Flying to Orlando on the 7th is cheaper than the 8th by like three margaritas.
I'm at the house listening to vengaboys alone. Please come home.
Wake and baked to watch the boston marathon. God I love massachusetts
his dad came out and found me sleeping indian style on the couch with my cup balancing on my boobs. didn't spill a drop.
She had me dip my balls in cake batter ice cream from cold stone and then tea bag her. Let's get weird just got a whole new meaning.
I got us chalkboard mugs. Now whoever comes home with us can feel comfortable in the morning!
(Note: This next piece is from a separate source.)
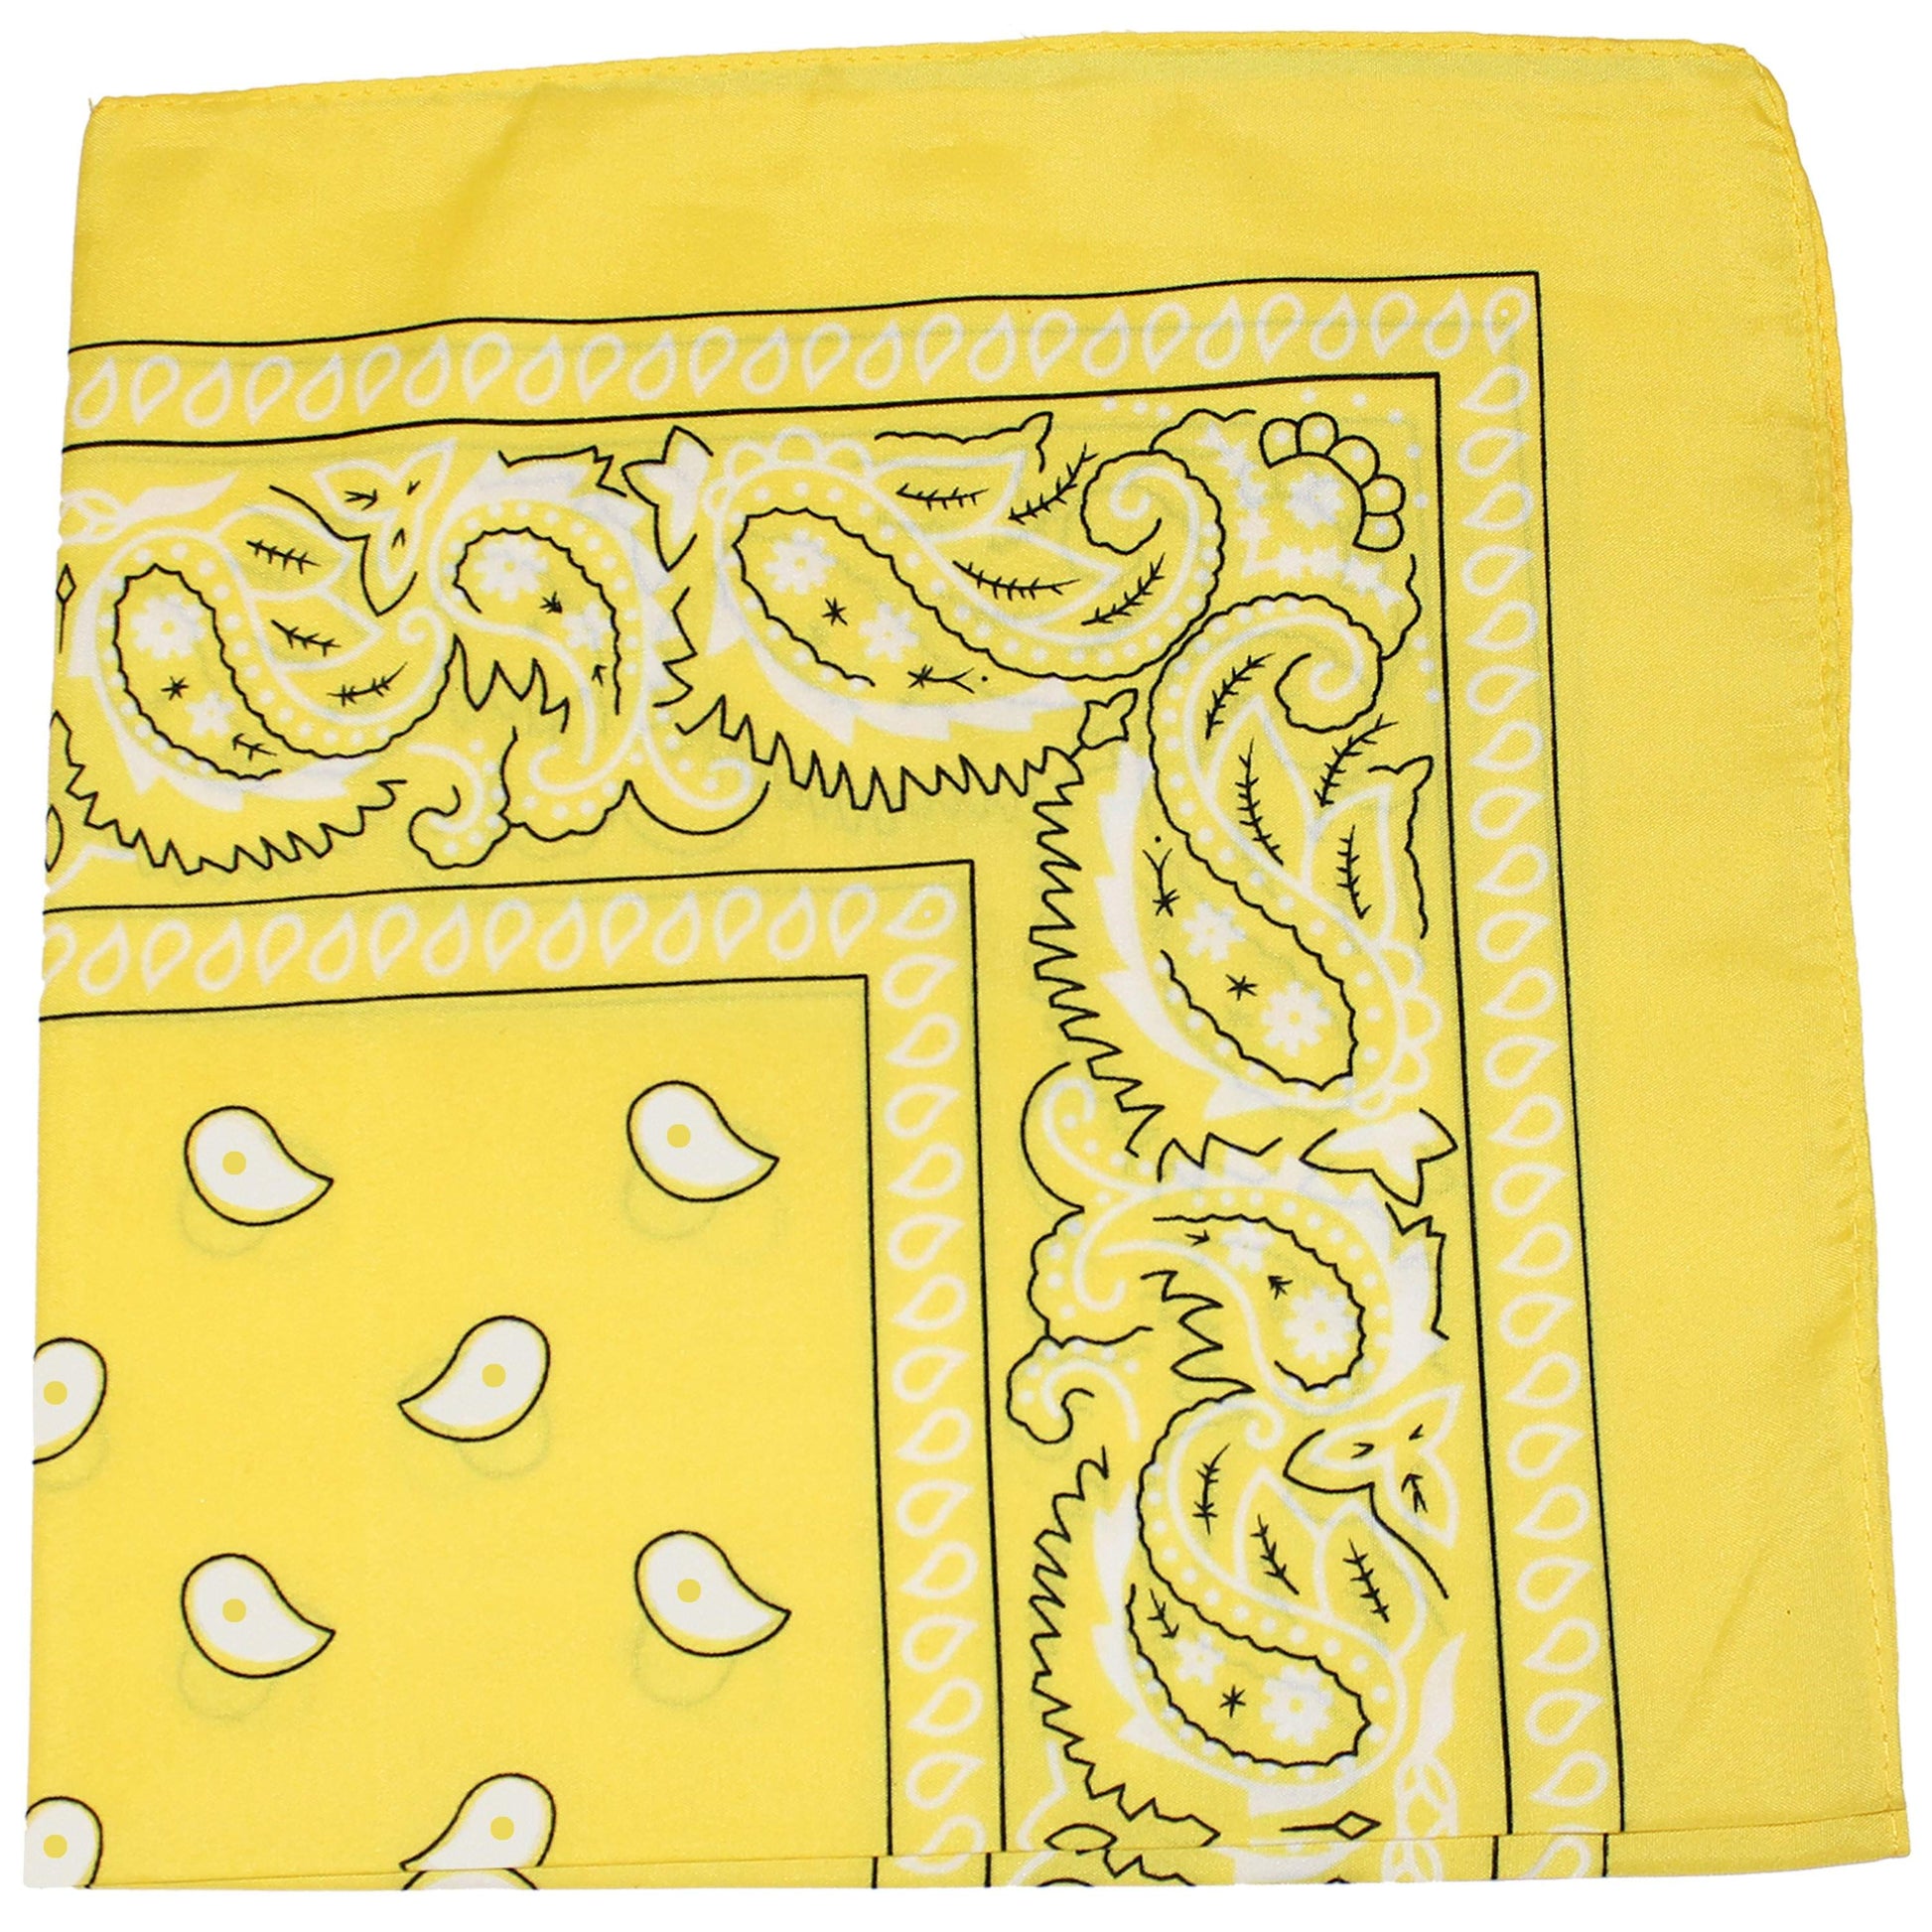 Qraftsy Cotton Bandana - Paisley and Solid Colors Available - 12 Pack

I am too considerate to my one-night stands...
do we own a ladder
We do not.
then how am i on the roof
You will never truly trust yourself until you have shaved your armpits, legs, and vagina in the dark.
Big girls don't cry they get day drunk
You raged at the rock climbing place for not selling beer and then just said "fuck it" and pulled out a flask.
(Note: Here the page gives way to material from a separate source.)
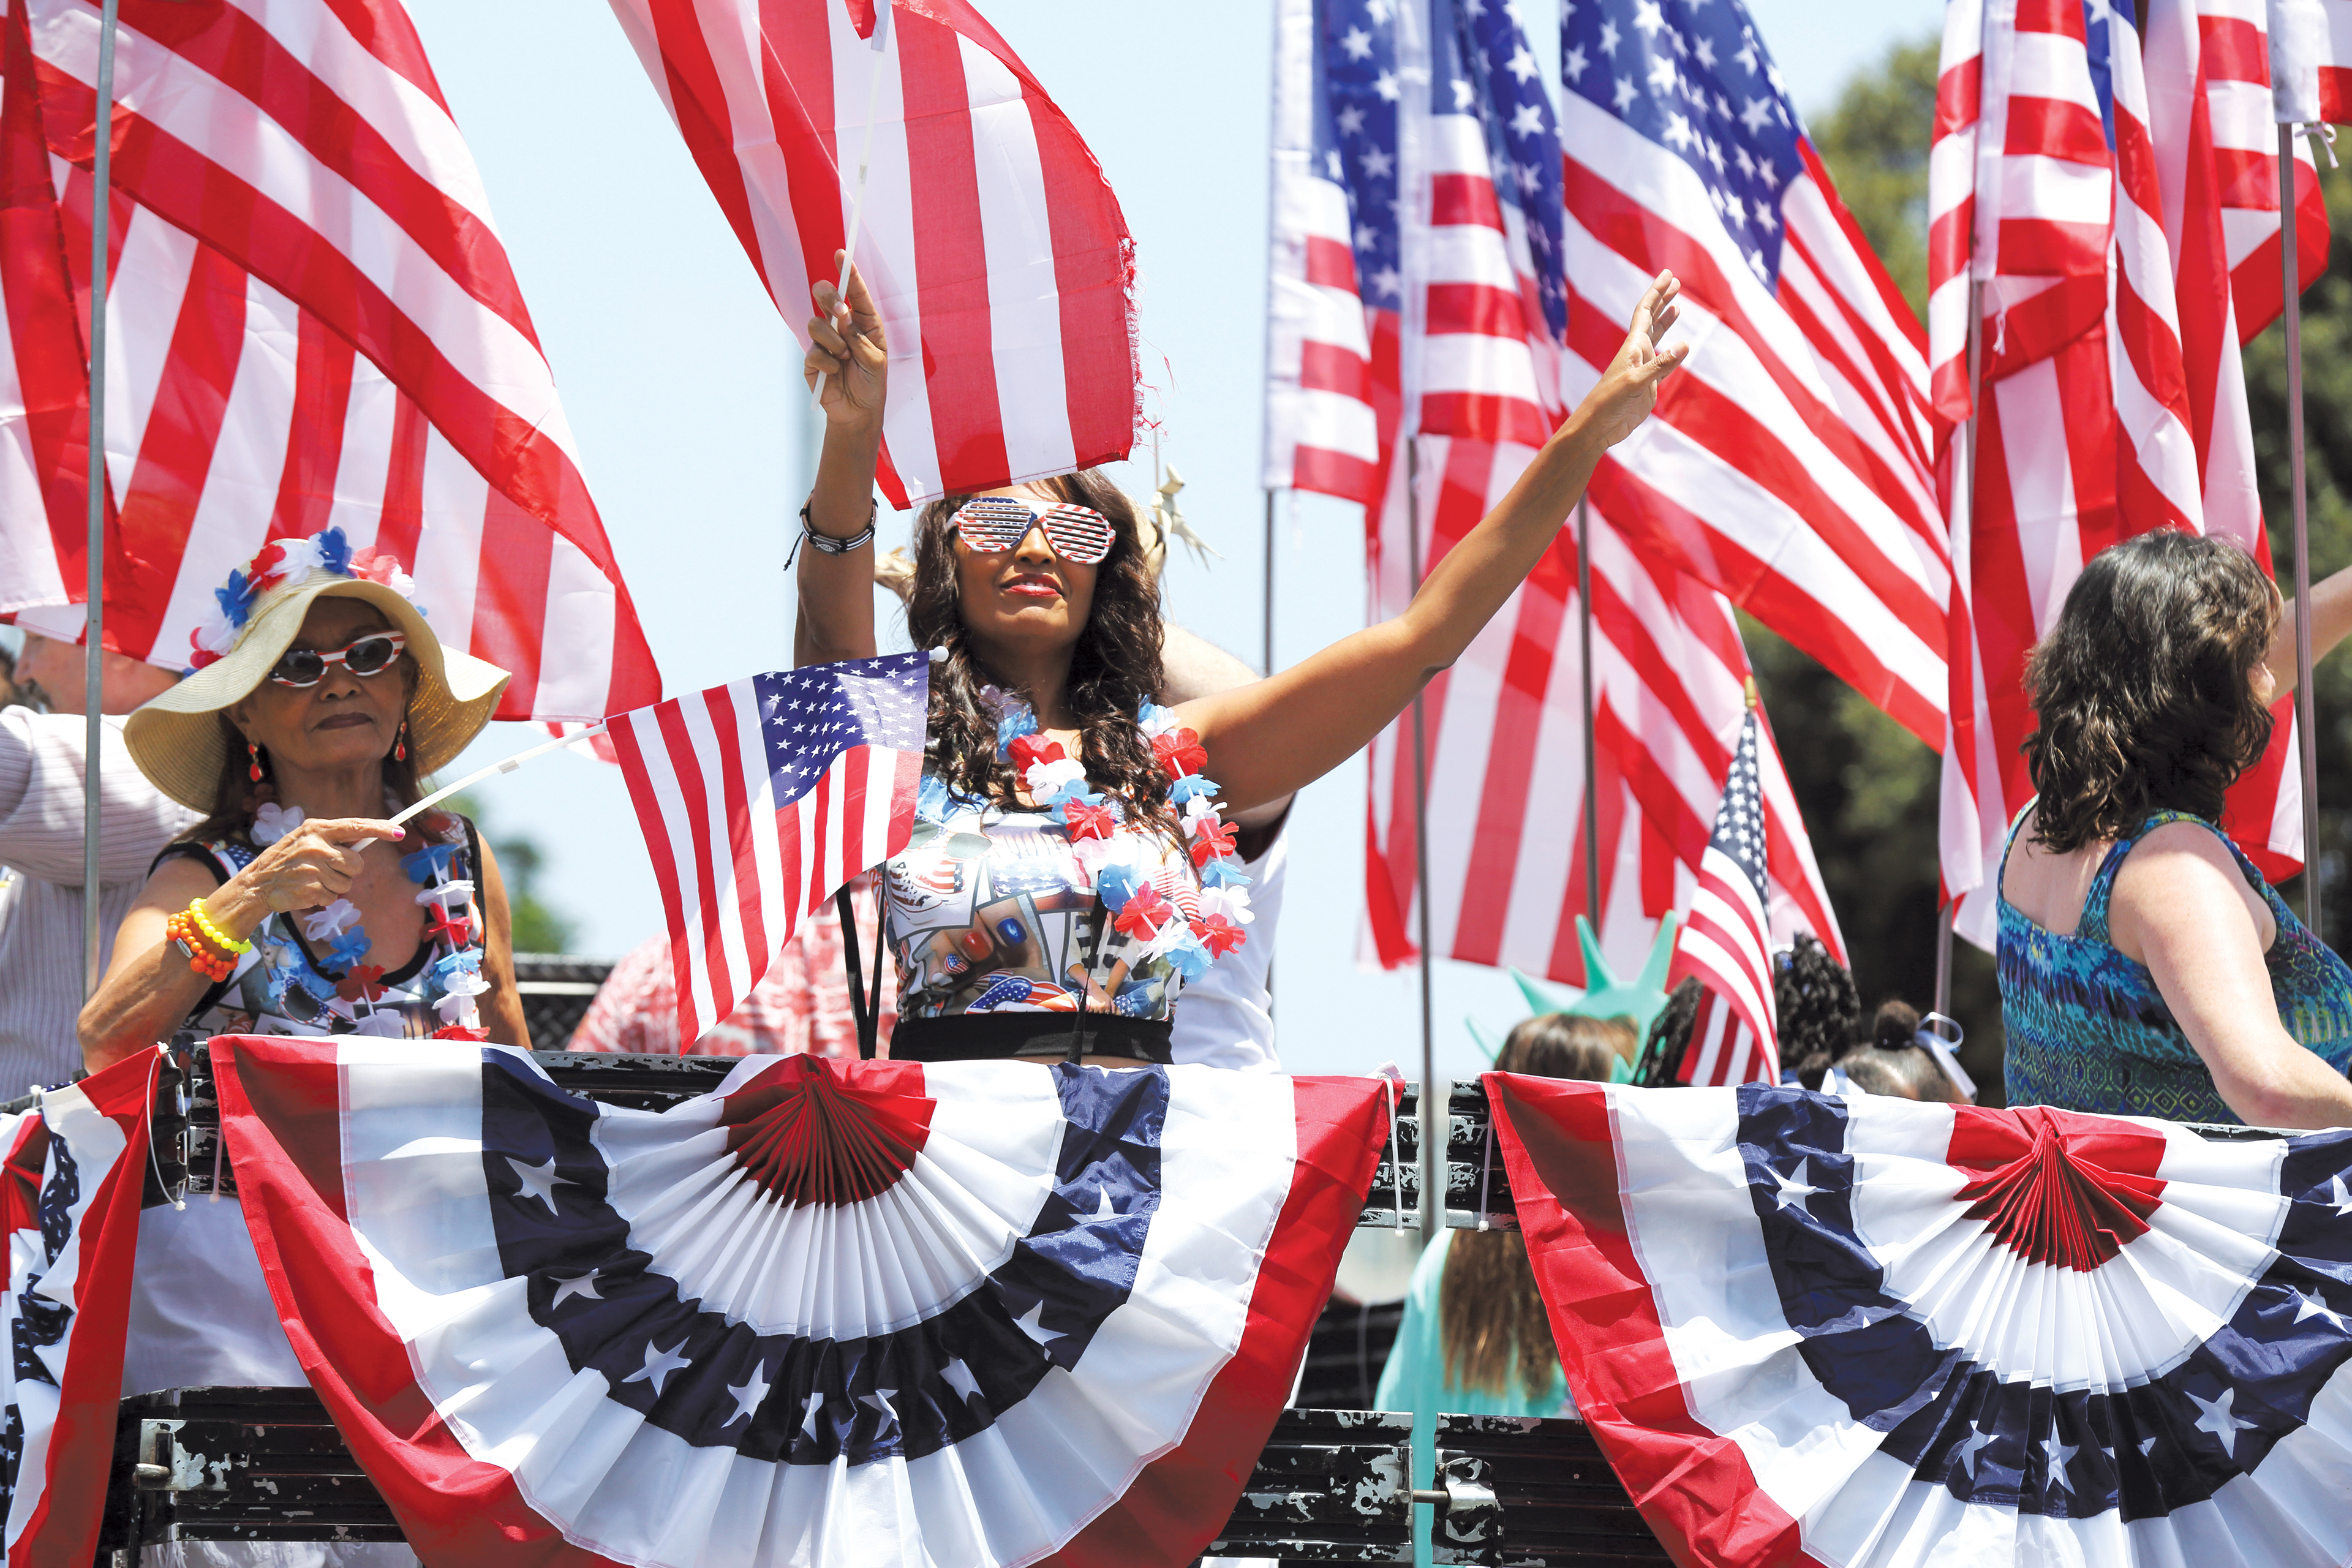 Community invited to celebrate at 17th Annual Fourth of July Parade

life lesson #151: dont let people go batshit crazy and stab you in the knee
i will live by this rule
Last night she walked off and disappeared from everyone got home at 330 and said she went to the casino with her cab driver.
I stole us four large rolls of toilet paper from the hotel carts. I feel like the breadwinner in this relationship
I went to Walmart last night to buy some CDs--which is a sentence I never thought I'd say in 2016.
I woke up to pee last night, got out of bed and proceeded to stand there because I had no idea where I was. Then, I heard my sexy as fuck personal trainers voice. Well-played blacked out me.